Le dessalement d’eau est le procédé d’élimination des sels et autres minéraux pour l’obtention d’eau potable. La salinité de l’eau peut être classée en 3 catégories suivant sa teneur en sels dissous [8] :
- Eau douce : 0 - 1.000 mg/L
- Eau saumâtre : 1.000 - 10.000 mg/L
- Eau salée : >10.000 mg/L

A titre d’exemple, l’eau de mer a une teneur d’environ 35.000 mg/L de sels dissous et le procédé le plus simple pour la dessaler repose sur des étapes de vaporisation-condensation. En raison de sa consommation énergétique élevée, ce procédé n’est pas favorisé industriellement. Actuellement la technique de dessalement de l’eau la plus employée est l’osmose inverse. Elle représente environ 40% de la production d’eau potable mondiale par dessalement [9]. Le coût moyen de production de 1233 m3 d’eau potable à partir d’eau saumâtre souterraine varie entre 357 et 782$ alors que le coût estimé de production du même volume mais à partir d’eau de mer varie entre 800 et 1400$.

Le marché du dessalement d’eau est en constante augmentation et devrait atteindre 87,8 milliards de dollars en 2016 même si cela ne représente que 1% de l’eau potable mondiale [10]. Un exemple de l’intérêt croissant pour ce marché est le rachat récent de la société américaine NanoH2O, spécialisée dans le développement et la production de membranes pour l’obtention d’eau douce par osmose inverse, par le groupe coréen LG Chem., valorisant ainsi l’entreprise à 22 milliards de dollars [11]. Les membranes QuantumFlux RO développées par NanoH2O, dont le siège restera à Los Angeles, sont implantées dans plus de 150 infrastructures de dessalement répartis dans 36 pays, avec une production de plus de 300 millions de litres d’eau par jour.

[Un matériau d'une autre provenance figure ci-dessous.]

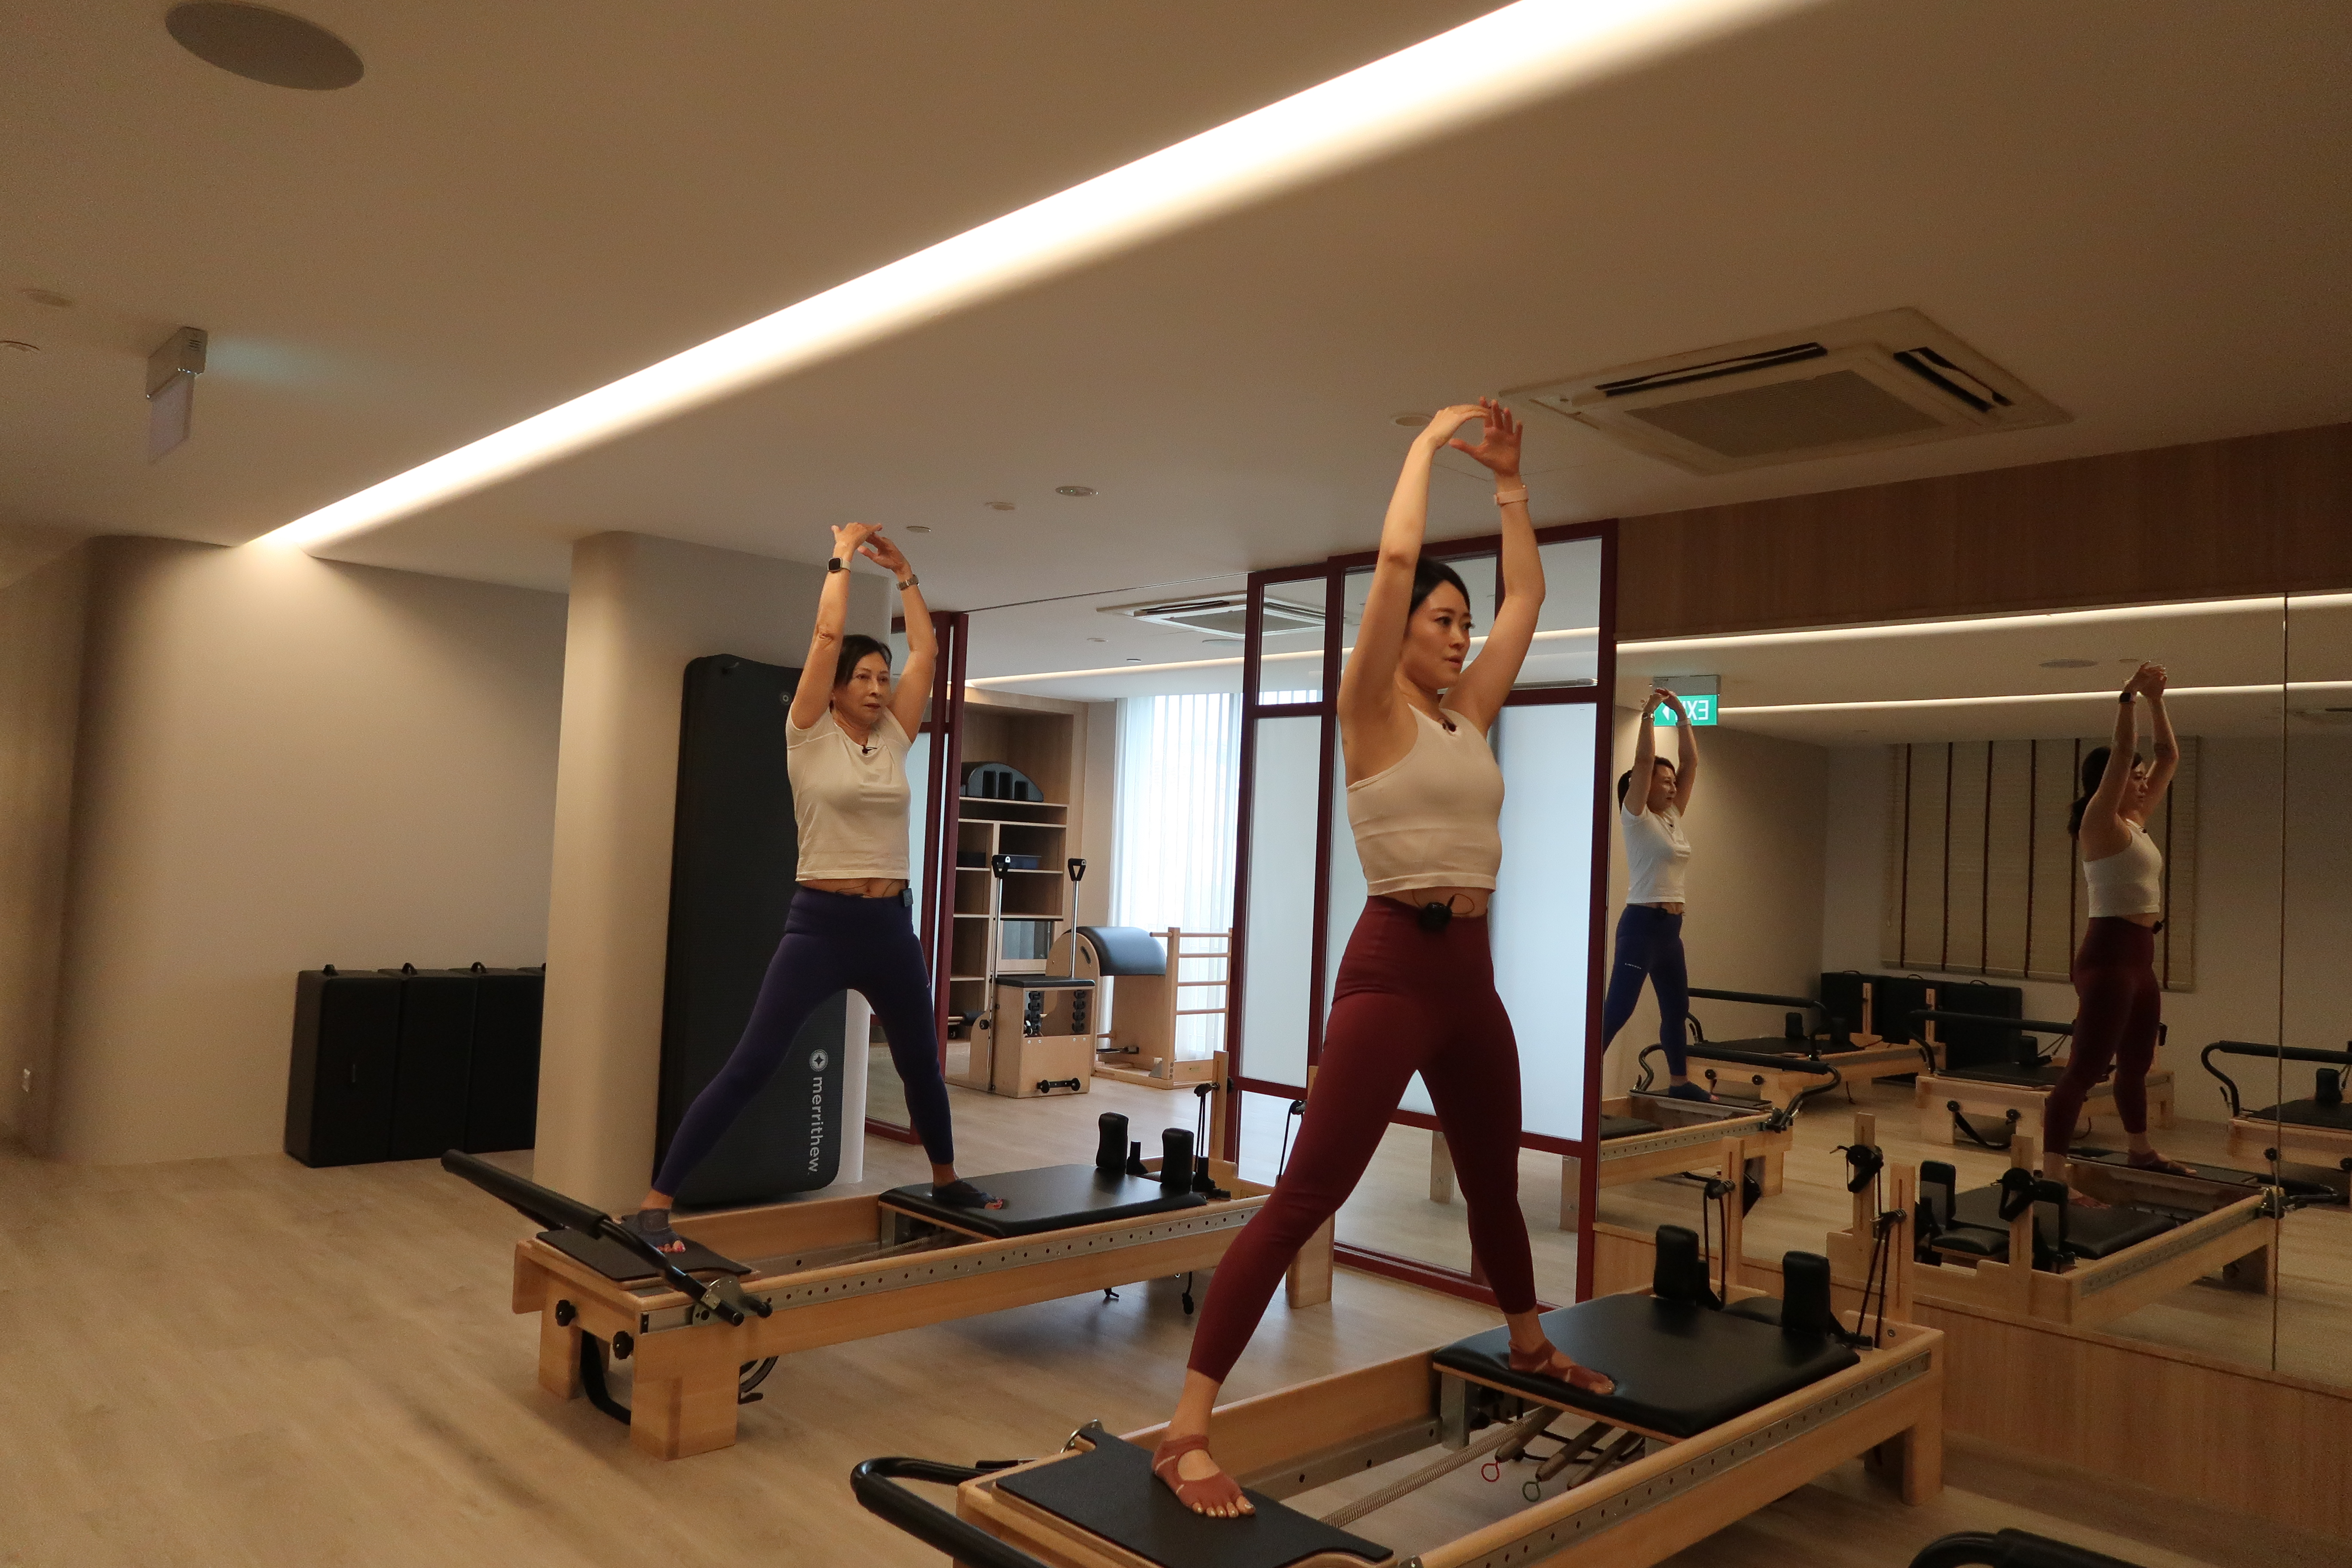 The two women using a reformer pilates machine.

Toutefois bien que différentes technologies de dessalement d’eau existent actuellement sur le marché, aucune n’est satisfaisante notamment en termes d’énergie et en termes de simplicité d’utilisation. Ainsi, la recherche et le développement de nouvelles technologies dans ce domaine reste très active. Aux Etats-Unis, le Bureau of Reclamation (BoR) du US Department of Interior, organisme dédié à la gestion de l’eau dans l’Ouest, finance chaque année des projets de recherche et des usines pilotes dans le cadre du programme de Purification et Dessalement de l’eau. En août 2014, le BoR a annoncé les noms des lauréats d’un programme de financement de la recherche doté de 1,4 millions de dollars [12]. Parmi les 9 projets retenus, 4 projets de recherche à l’échelle du laboratoire étudient la faisabilité de procédés novateurs et 3 projets à l’échelle du pilote portent sur la viabilité et la pertinence d’un procédé. Le BoR a également renouvelé le financement de deux projets pilotes de l’an dernier. Il est intéressant de souligner que parmi les lauréats, un tiers des projets provient du Texas : l’Université de Houston va ainsi recevoir une bourse pour son projet sur les prétraitements avancés pour la nanofiltration d’eau saumâtre de surface ; l’Université du Texas à San Antonio va de son côté étudier l’utilisation des boues actives des usines de retraitement des eaux pour le dessalement d’eau saumâtre et, enfin, la ville de Corpus Christi a vu le renouvellement du financement de son pilote de dessalement d’eau de mer.

Les technologies de désallement de l’eau salée

Aux Etats-Unis, la R&D associée au dessalement de l’eau se concentre essentiellement sur les technologies d’osmose inverse avec l’amélioration des membranes. D’autres technologies innovantes ne nécessitant pas de membrane sont en cours d’étude.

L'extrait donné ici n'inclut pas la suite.